Switching from a benchmark Silver plan to a Bronze plan without enhanced tax credits would not save enrollees much money.
A 60-year-old couple in Florida earning $86,000, for example, would qualify for a $0 premium on a Bronze 2026 plan with an enhanced tax credit, according to a KFF premium calculator. Without the credit, the same plan would cost $2,169 per month, or more than $26,000 per year.
running the clock
With Congress on Thanksgiving recess, less than a month remains on the legislative calendar.
According to Sabrina Corlette, co-director of Georgetown University's Center for Health Insurance Reform, an HSA funding measure may not only be approved but implemented for the start of coverage next year.
“Conceptually, what they're talking about is a radical restructuring of how the ACA and tax credit markets work, and we're literally days away from people having to pay their January premiums in order to get coverage,” Corlette said.
Oscar Health CEO Mark Bertolini said a national plan in which the government or employers give consumers cash to buy their own coverage on the marketplace is something he supports in the long term, but extending the enhanced tax credits makes more sense now.
“I think this is how they're going to solve this problem, so they get past the midterm elections and have time to come up with a full plan,” Bertolini said.
Those registered face the deadline of December 15
Regardless of whether tax credits are expanded, the deadline to sign up for 2026 coverage remains firm for now. For those who sign up for the Healthcare.gov exchange, it's just three weeks away. On some state exchanges, such as those in California and Massachusetts, the deadline is January 31.
Obamacare premiums for 2026 have soared as insurers expect some enrollees to leave the market, in part because of uncertainty over the extension of enhanced premium tax credits.
Oscar Health has been working with insurance brokers to reach out to their members about more affordable plans.

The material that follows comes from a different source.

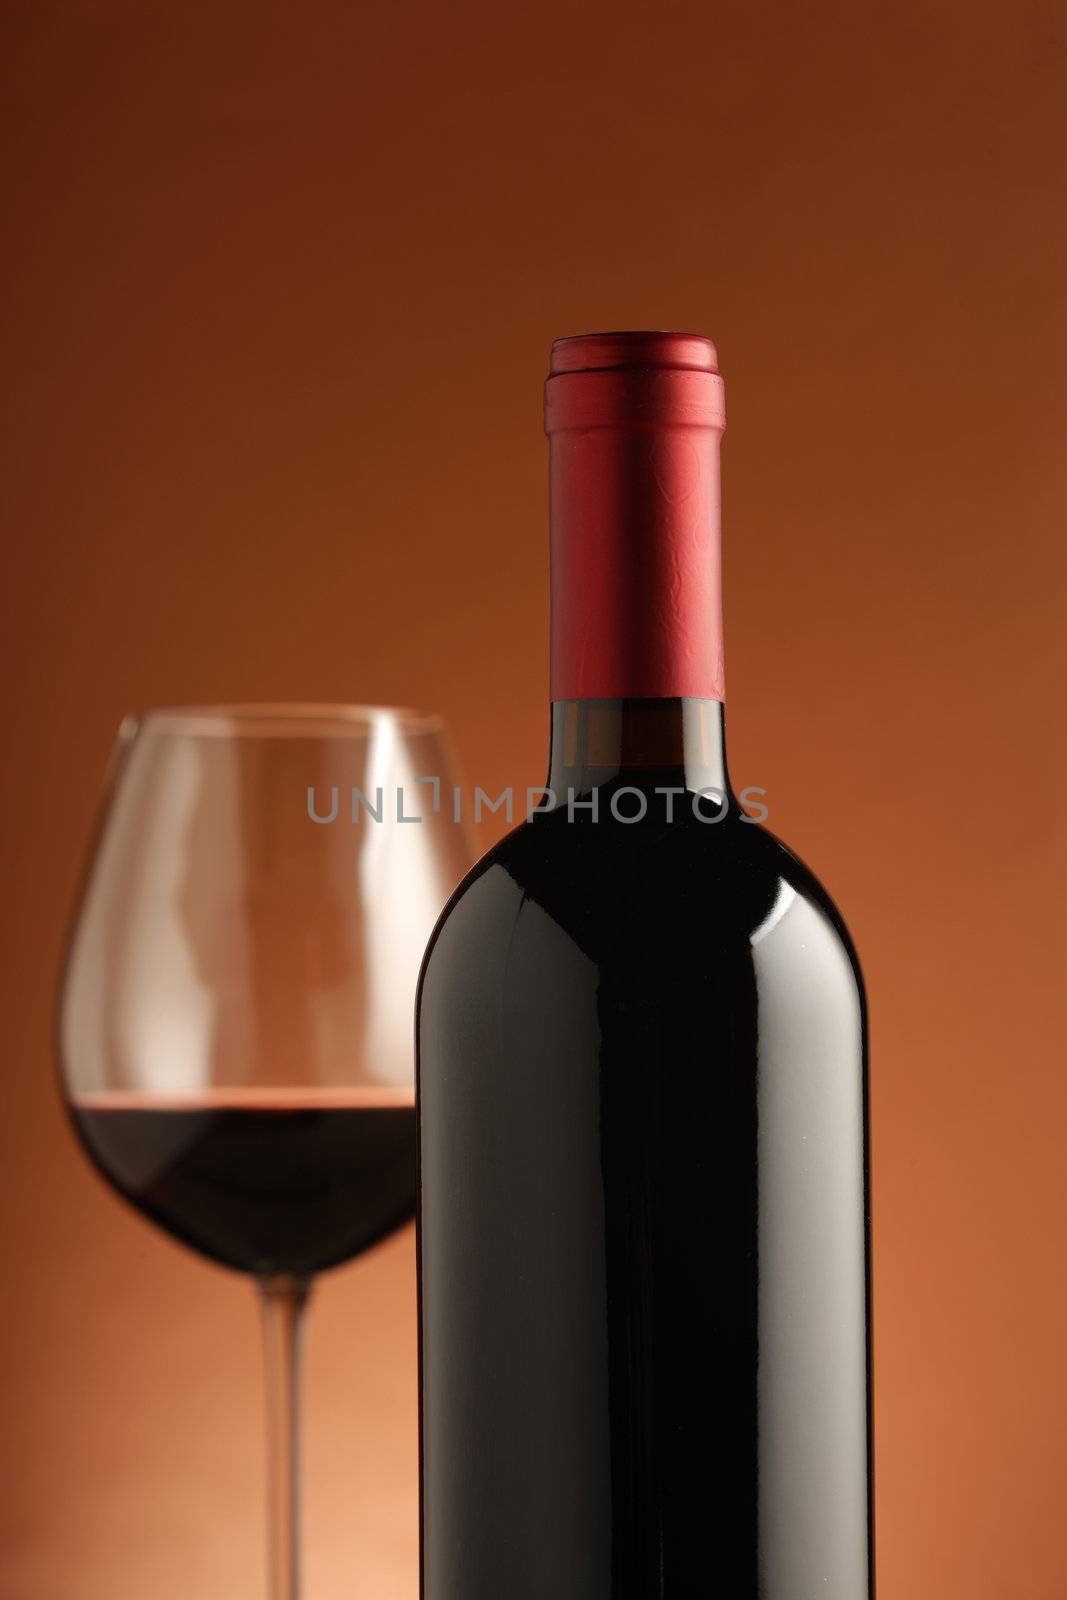 red wine bottle and glass
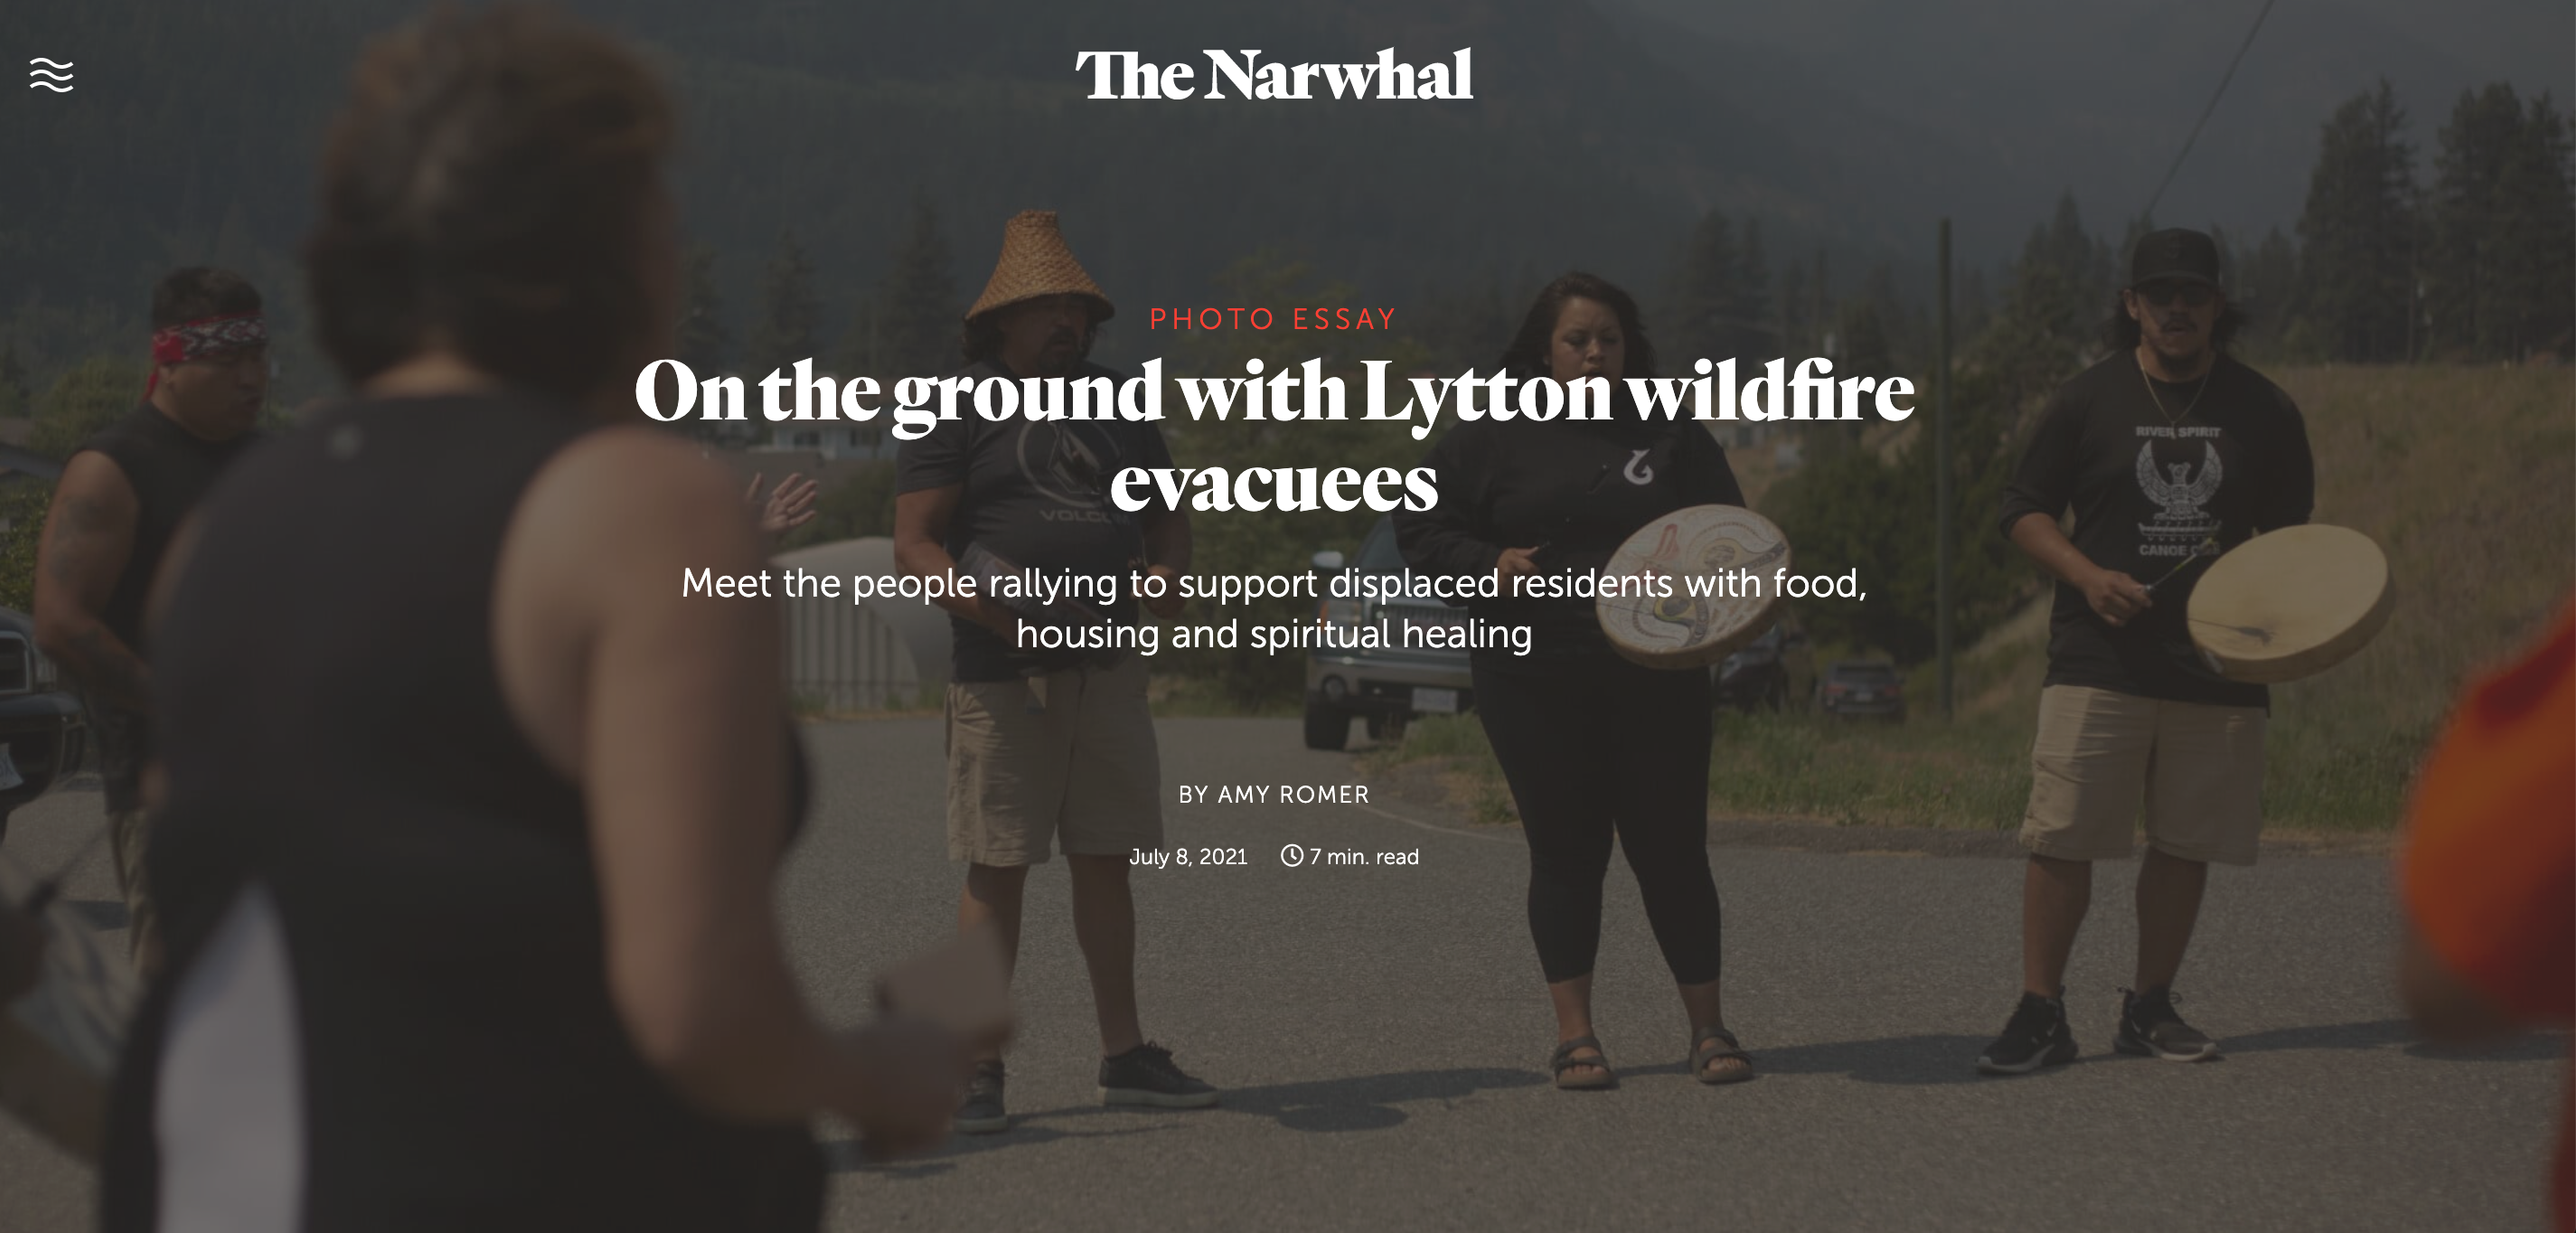 Thumbnail of The Narwhal: On the ground with Lytton wildfire evacuees

“We believed that, among the people affected by higher subsidies, we could sell to 85% of them. And right now, what we are seeing says perhaps more,” Bertolini said.
KFF Executive Vice President of Health Policy Larry Levitt said enrollees should consider enrolling before the Dec. 15 deadline, even if Congress fails to pass a premium relief measure before the end of the year, because the Trump administration has tightened the rules for enrolling outside of open enrollment.